━━ SOURCE DATA
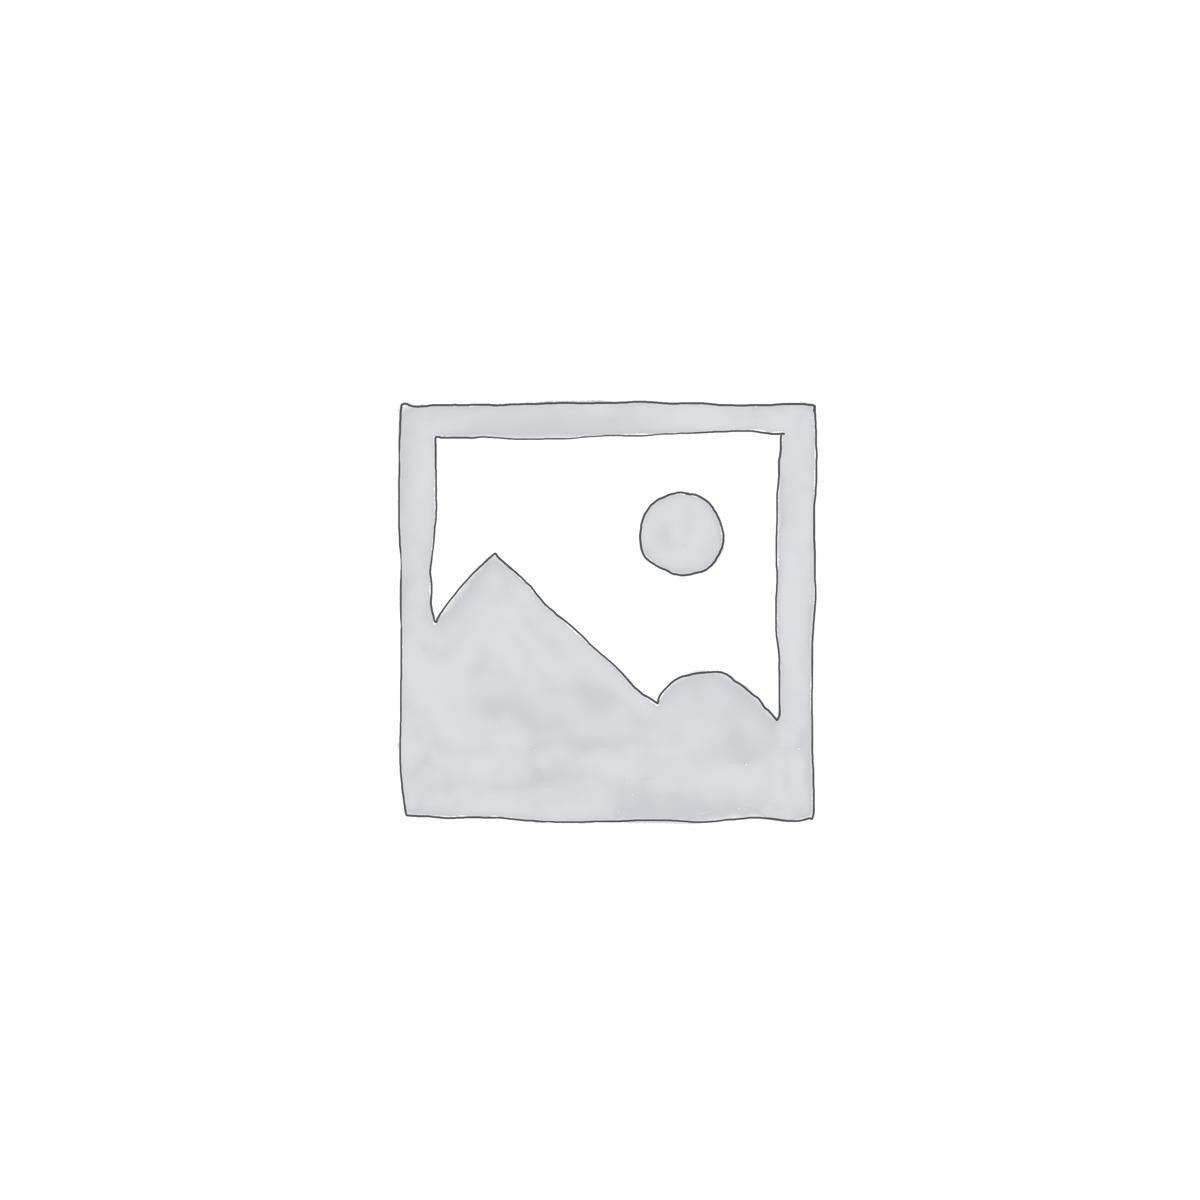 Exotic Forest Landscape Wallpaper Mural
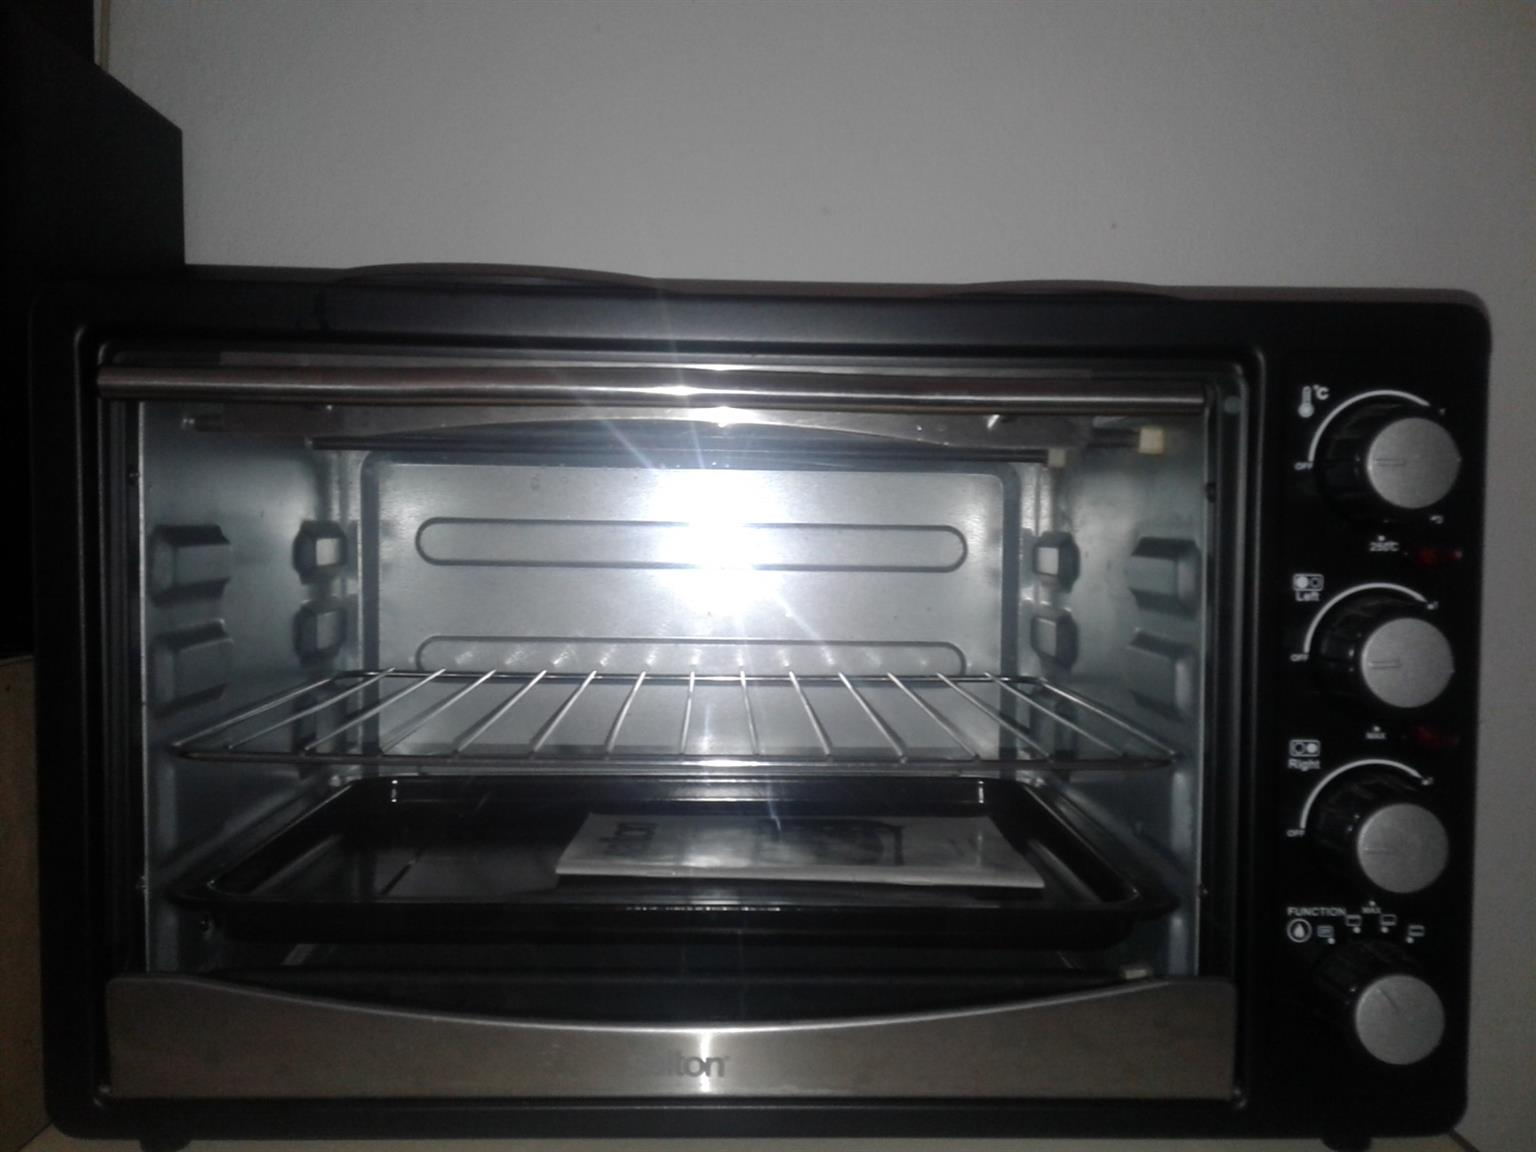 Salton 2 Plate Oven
━━━━
━━ SOURCE DATA
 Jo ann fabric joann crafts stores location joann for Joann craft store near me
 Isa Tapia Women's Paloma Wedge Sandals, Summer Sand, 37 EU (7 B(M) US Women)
━━━━
━━ SOURCE DATA
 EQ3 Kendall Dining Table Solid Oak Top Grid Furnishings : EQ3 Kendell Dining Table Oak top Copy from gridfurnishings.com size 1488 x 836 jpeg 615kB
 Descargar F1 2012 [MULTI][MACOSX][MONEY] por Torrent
━━━━
_EXERCISE REQUIREMENTS_: Take the lines above from the one containing "Jo ann fabric" to the one containing "Isa Tapia Women's" and retype them exactly, both ends included, with nothing added.

_ANSWER TO THIS TASK_:
 Jo ann fabric joann crafts stores location joann for Joann craft store near me
 Isa Tapia Women's Paloma Wedge Sandals, Summer Sand, 37 EU (7 B(M) US Women)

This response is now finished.